In this setup, Consul tokens are created with known secret values already provisioned within components such as consul-template and Vault. The tokens are stored in the machine image and removed if possible after startup (Consul only).
It would be possible to instead store these tokens within Vault or even a cloud provider's secrets storage facility and have the nodes retrieve them on startup. This hasn't been done for similar reasons to those discussed in the previous section - to avoid introducing unnecessary dependencies, to limit the reach of trust, and also to avoid complexity in the setup.
Once again, such a setup is fairly trivial to achieve, and the recommendation is to use userdata to trigger the behaviour.
It's possible to use the Consul provider for Terraform to create ACL policies and tokens within Consul.
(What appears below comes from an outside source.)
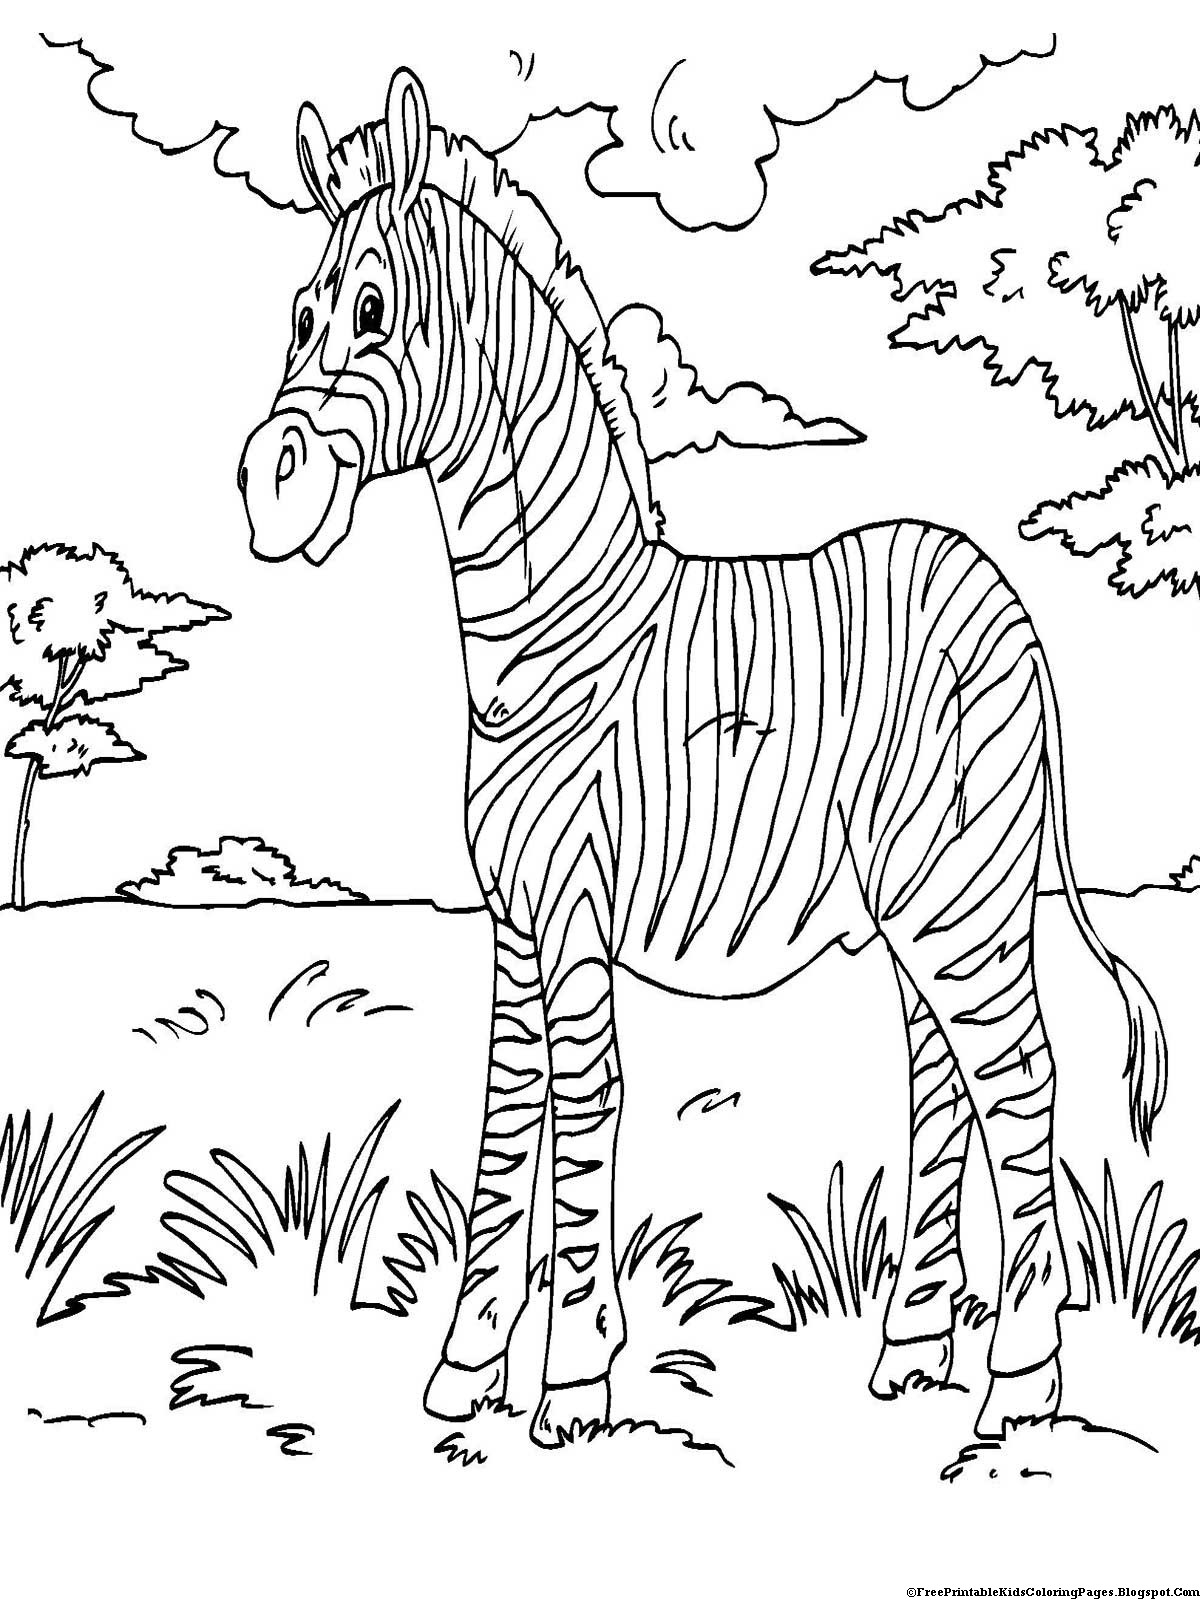 Zebra Coloring Pages Printable
 Zebra Coloring Pages

In this setup, policies and tokens are instead created by calling the APIs via the Consul binary. The reason for this is, again to avoid introducing complexity into the initial setup. When managing resources via Terraform, layered and explicitly-ordered dependencies within the same configuration don't always work well. The CLI-based approach allows for plenty of retries and a more robust experience than attempting to wire the Consul provider up to a cluster that doesn't yet exist or is still being provisioned.
Again, you could bootstrap the cluster and then go on to manage the ACL policies and tokens within Terraform, including importing the master and default tokens and this has been left as an exercise for the operator. It would also be possible to use Vault to create and distribute tokens for use with Consul, and much like the previous sections, this has been left out so as to not introduce complexity.